Daemon Sets

In this article we will be taking a look at Daemon Sets in Kubernetes.

So far we have learned how to deploy various pods on different nodes in a cluster. With the help of replica sets and deployments we made sure multiple copies of our application are made available across various different worker nodes.

Daemon set are like replica sets, as in it helps you deploy multiple instances of pod. But it runs one copy of your pod on each node in your cluster.

Whenever a new node is added to the cluster a replica of the pod is automatically added to that node and when a node is removed the pod is automatically removed.

The demon set ensures that one copy of the pod is always present in all nodes in the cluster.

So what are some use cases of Daemon Sets?

Say you would like to deploy a monitoring agent or log collector on each of your nodes in the cluster so you can monitor your cluster better.

Demon Set is perfect for that, as it can deploy your monitoring agent in the form of a pod in all the nodes in your cluster. Then, you don’t have to worry about adding/removing monitoring agents from these nodes when there are changes in your cluster.

While discussing the kubernetes architecture we learned that one of the worker node components that is required on every node in the cluster is a kube-proxy.

That is one good use case of daemon Sets. The kubeproxy component can be deployed as a daemon set in the cluster.

Another use case is for networking.

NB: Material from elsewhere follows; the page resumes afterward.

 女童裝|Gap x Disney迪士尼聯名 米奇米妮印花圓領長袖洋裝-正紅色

Networking solutions like weave-net requires an agent to be deployed on each node in the cluster.

We will expand on networking in much more detail later in another post but I just wanted to point it out for now.

Creating Daemon Sets

Creating a DaemonSet is similar to the ReplicaSet creation process.

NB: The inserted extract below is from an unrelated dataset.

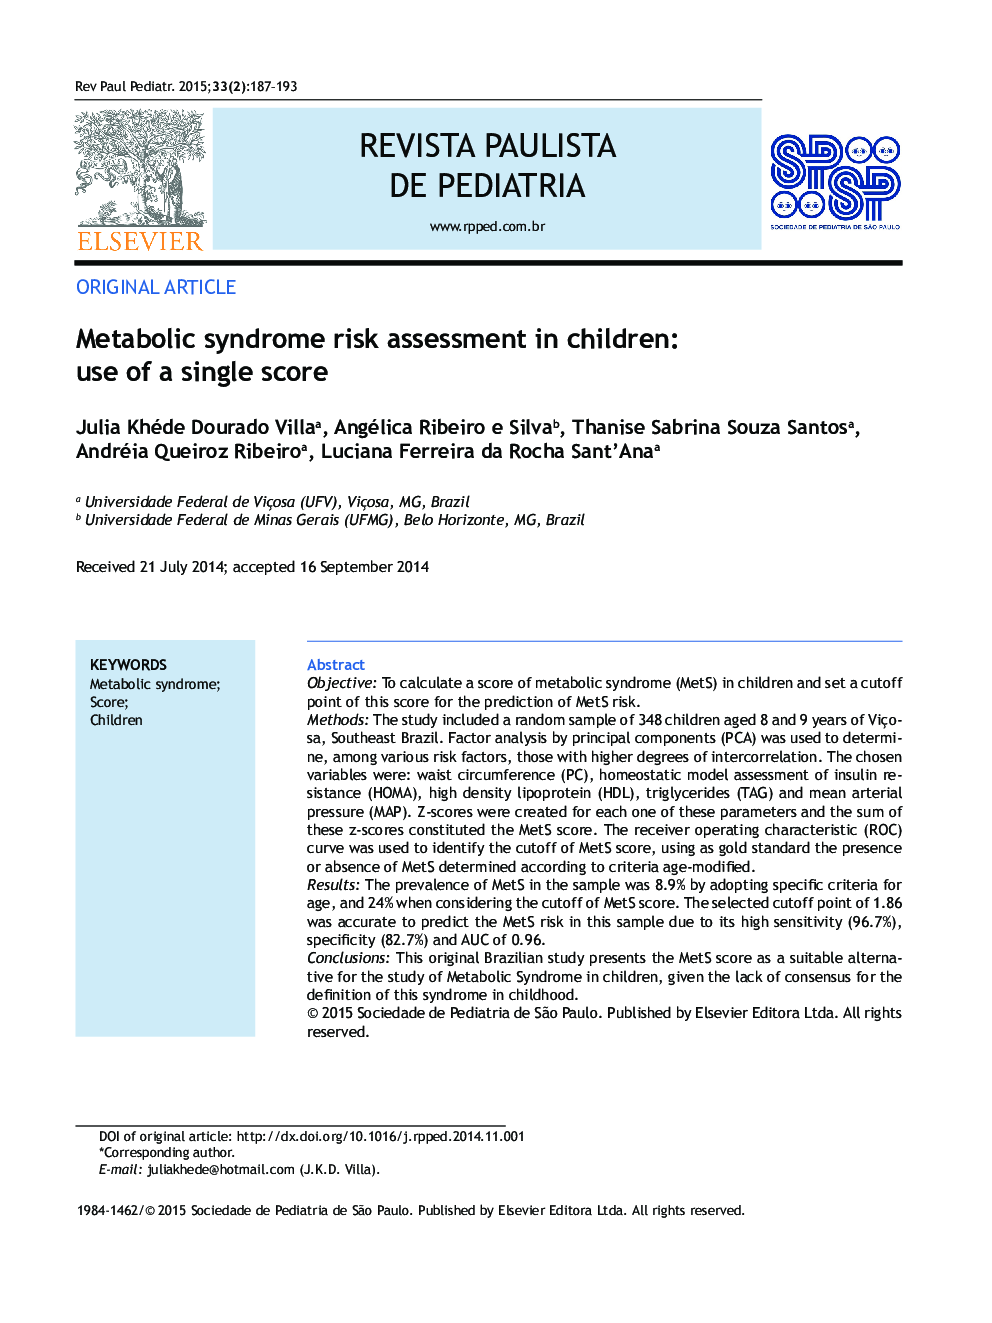 ارزیابی ریسک ابتلا به سندرم متابولیک در کودکان: استفاده از یک امتیاز واحد

replicaset-definition.yaml

apiVersion: apps/v1
kind: ReplicaSet
metadata:
    name: montoring-daemon
spec:
    selector:
        matchLabels:
            app: monitoring-daemon
    template:
        metadata:
            labels:
                app: monitoring-agent
        spec:
            containers:
            - name: monitoring-agent
              image: monitoring-agent

It has nested pod specification under the template section and selectors to link the daemon set to the PODs.

A daemonSet definition file has a similar structure:

daemon-set-definition.yaml

apiVersion: apps/v1
kind: DaemonSet
metadata:
    name: montoring-daemon
spec:
    selector:
        matchLabels:
            app: monitoring-daemon
    template:
        metadata:
            labels:
                app: monitoring-agent
        spec:
            containers:
            - name: monitoring-agent
              image: monitoring-agent

It's almost exactly like ReplicaSet definition except that the kind is a DaemonSet.Ensure the labels in the selector matches the ones in the pod template.

Create DaemonSet Using kubectl command

kubectl create -f daemon-set-definition.yaml

Get DaemonSet

kubectl get daemonsets

Describe a Daemon Set

kubectl describe daemonset monitoring-daemon

How does a Daemon Set Work?

  • How does it schedule pods on each node?
  • How does it ensure that every node has a pod?

If you were asked to schedule a pod on each node in the cluster how would you do it?

In one of the previous articles in this series. I discussed that we could set the nodeName property on the pod to bypass the scheduler and get the pod placed on a node directly. So that’s one approach. On each pod, set the nodeName property in its specification before it is created and when they are created, they automatically land on the respective nodes. That’s how it used to be until kubernetes version v1.12.

From v1.12 onwards the Daemon Set uses the default scheduler and node affinity rules that we learned in the previous posts to schedule pods on nodes.